Copy out the full listing below as it stands, with its pictures left behind.

INFORMATION SHOWN ▸
>>>>
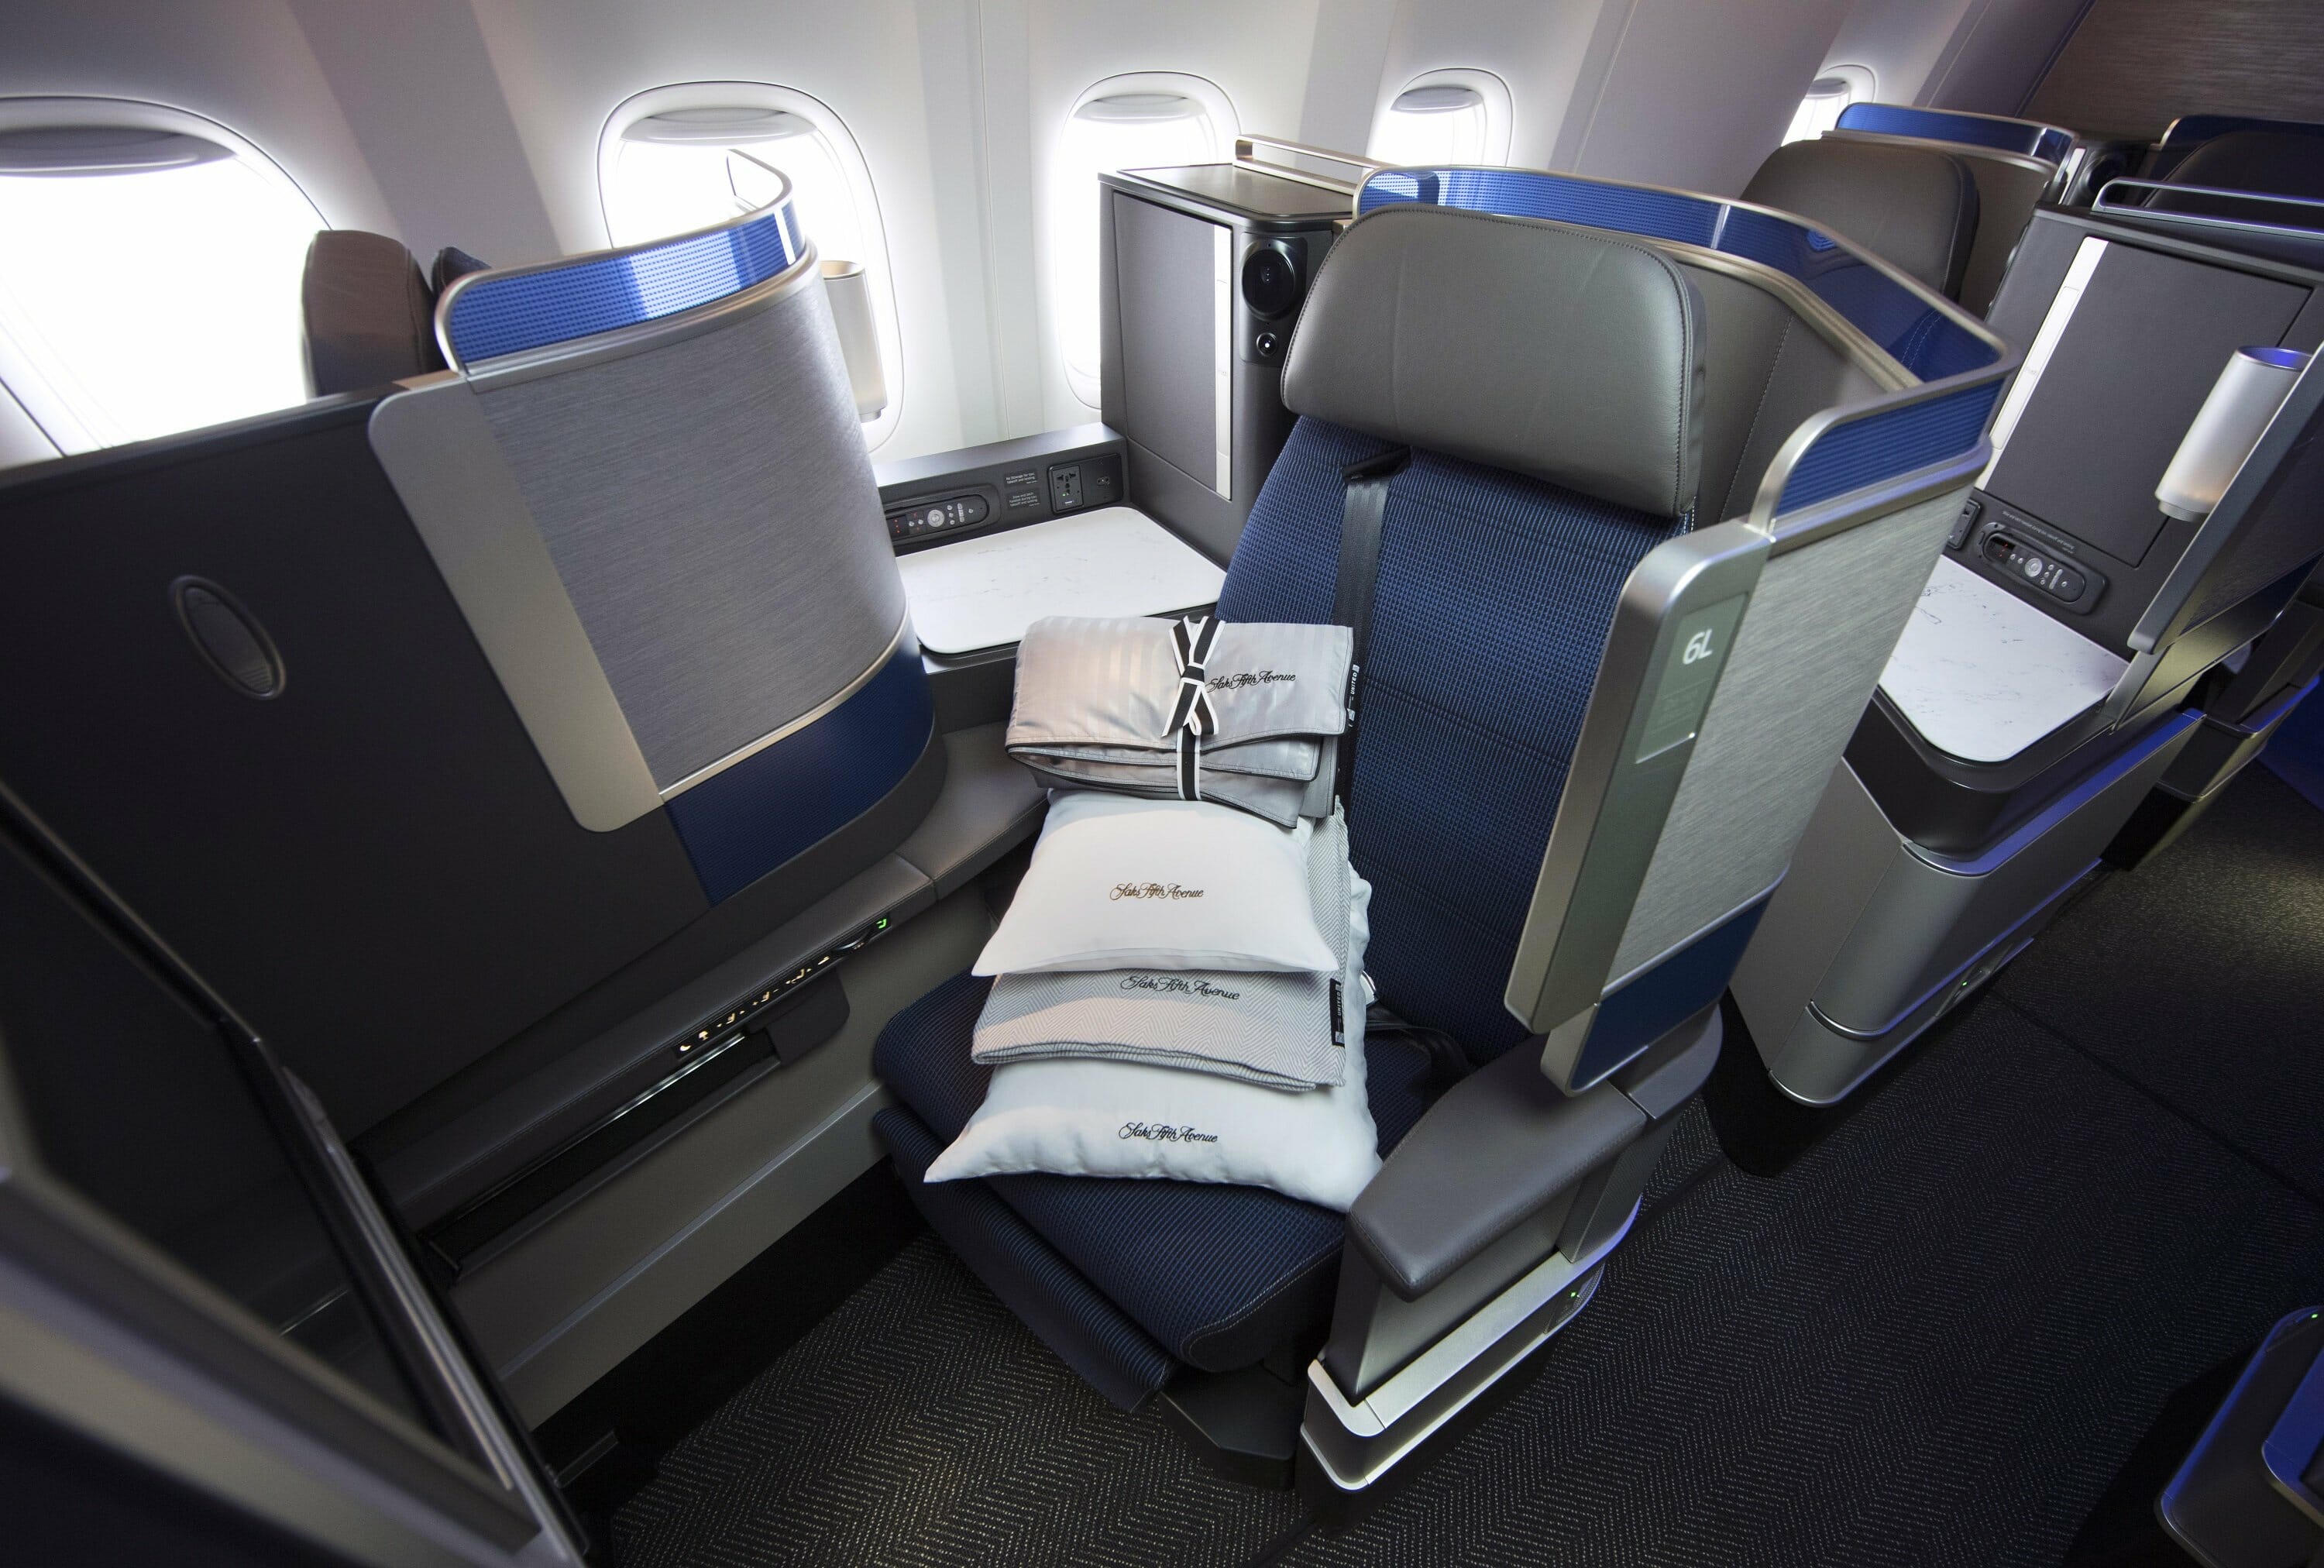 United Adds More Than 1 600 New Premium Seats To International Domestic And Regional Aircraft More Comfort For More Customers In The Skies Aero Crew News
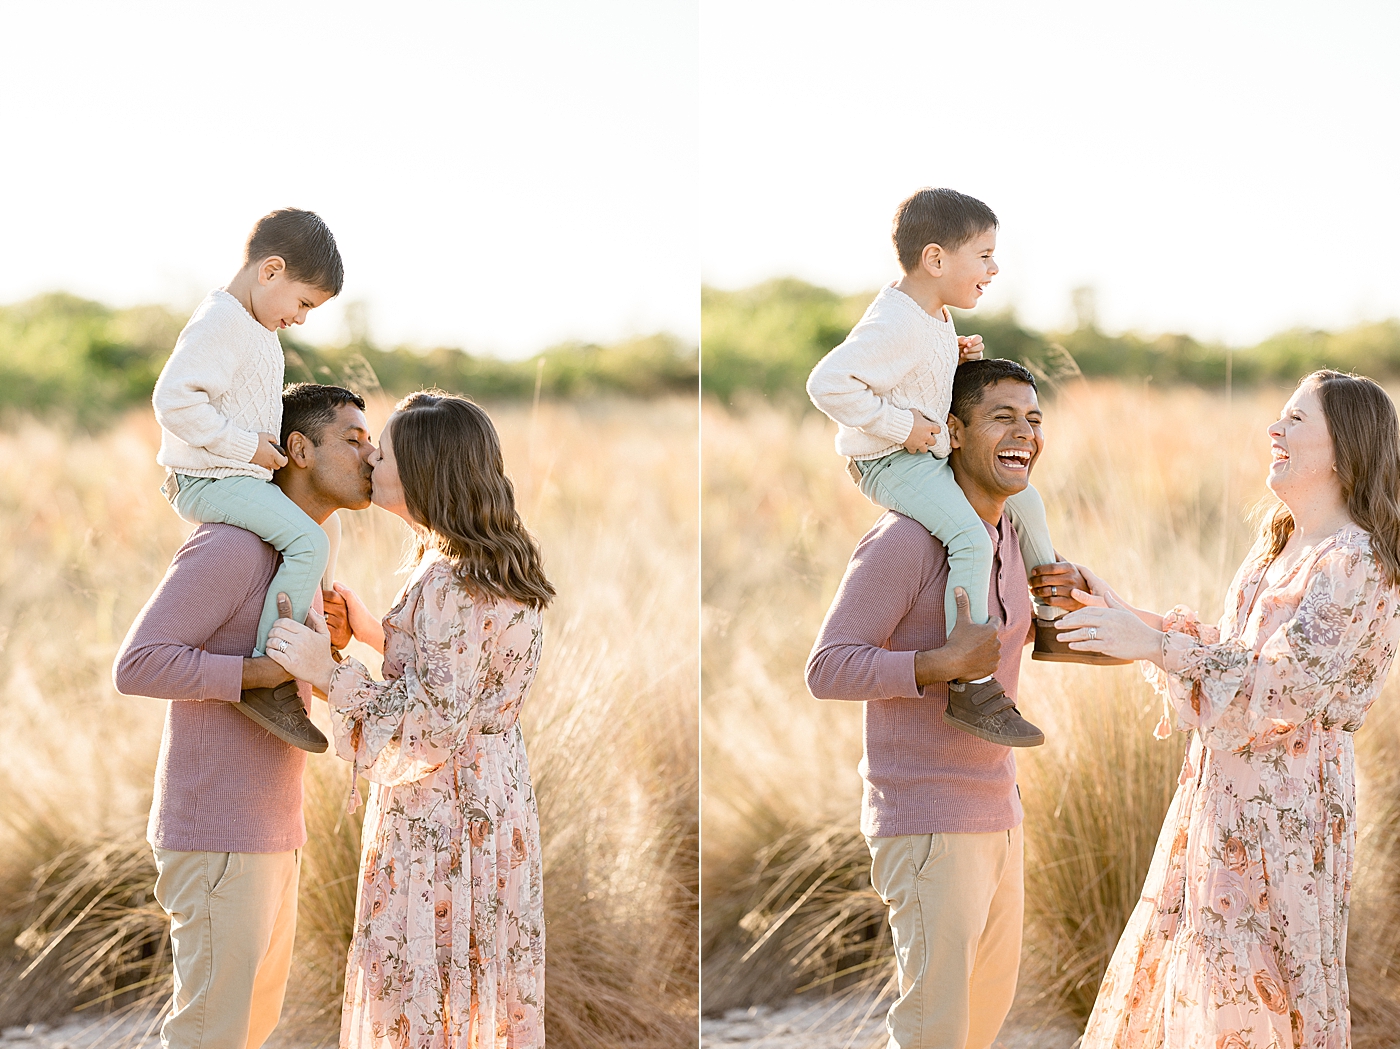 Family photos at Cypress Point Park at sunset. Photos by Brittany Elise Photography.
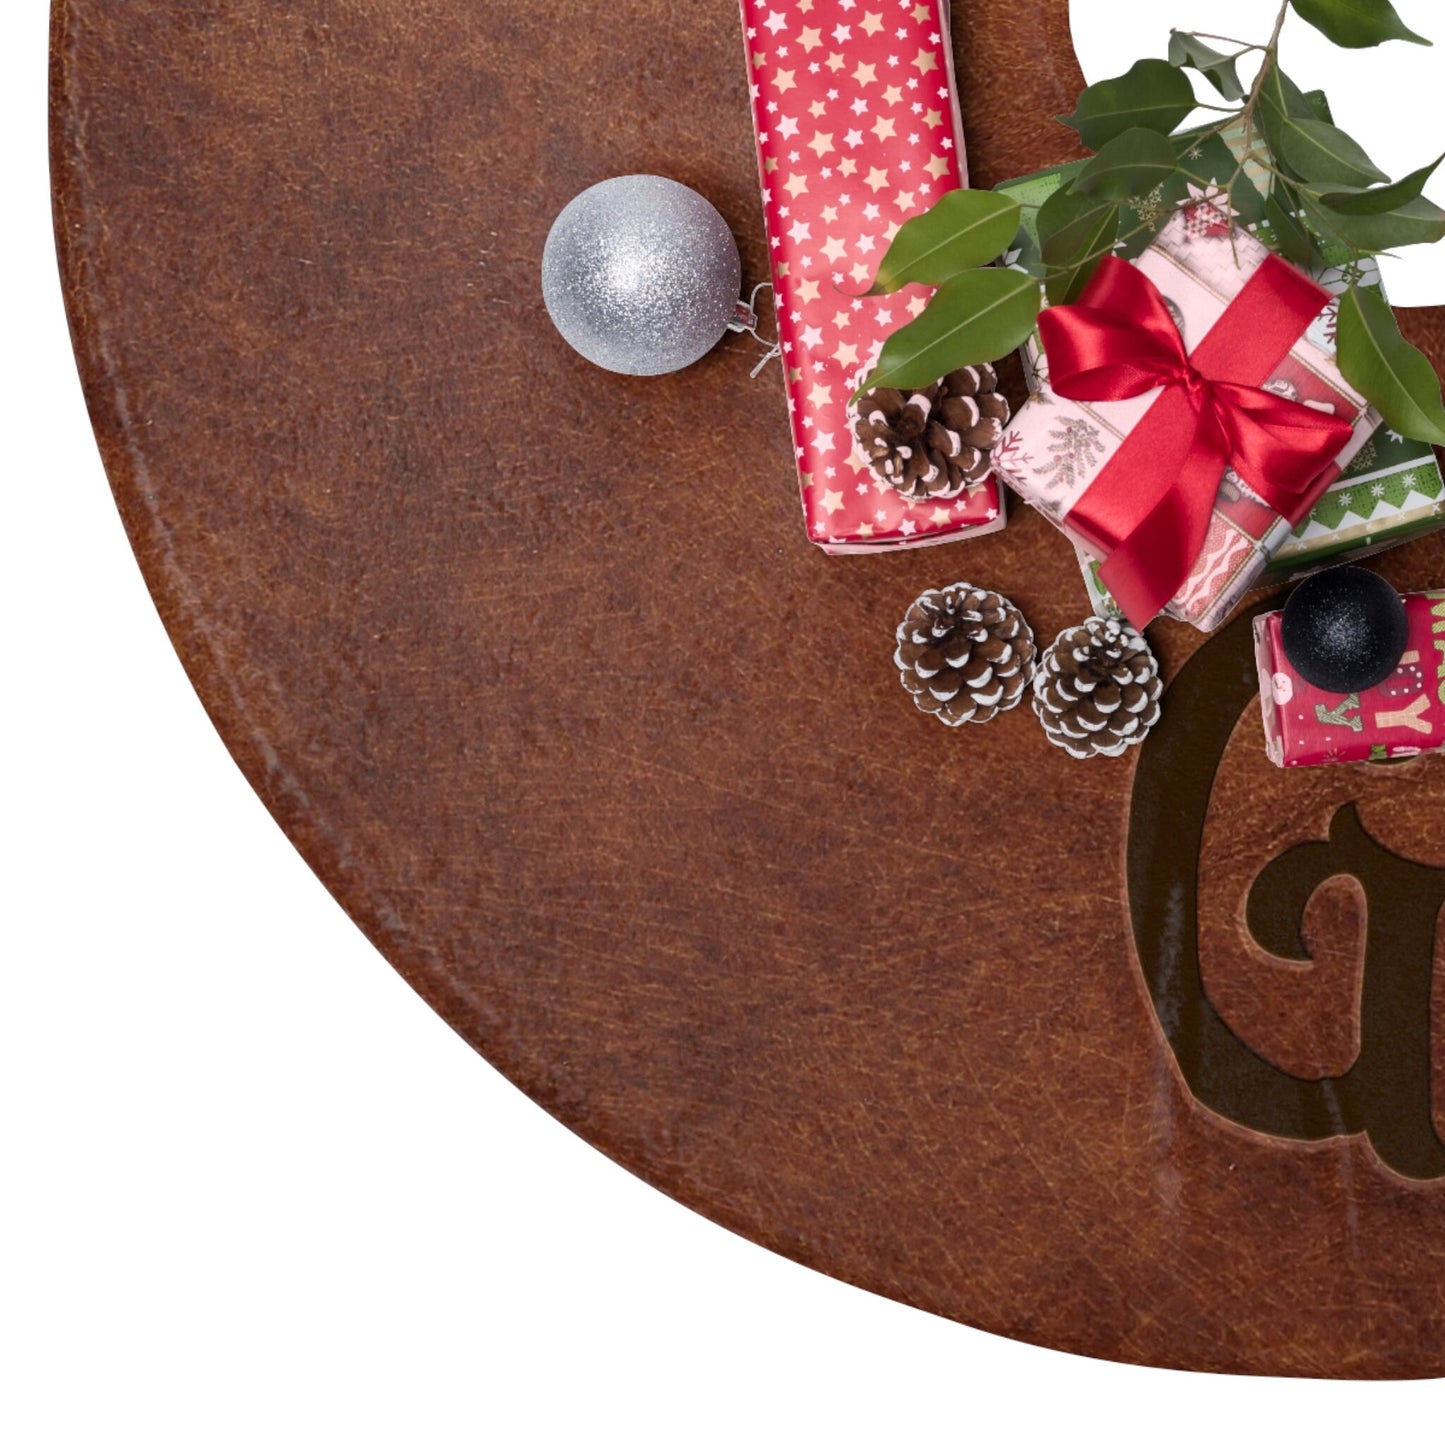 CUSTOM Monogram Christmas Tree Skirts Stamped Leather Looking Printed Unique Family Holiday Decorations
<<<<
RESPONSE TO THIS EXERCISE ▸
 United Adds More Than 1 600 New Premium Seats To International Domestic And Regional Aircraft More Comfort For More Customers In The Skies Aero Crew News
 Family photos at Cypress Point Park at sunset. Photos by Brittany Elise Photography.
 CUSTOM Monogram Christmas Tree Skirts Stamped Leather Looking Printed Unique Family Holiday Decorations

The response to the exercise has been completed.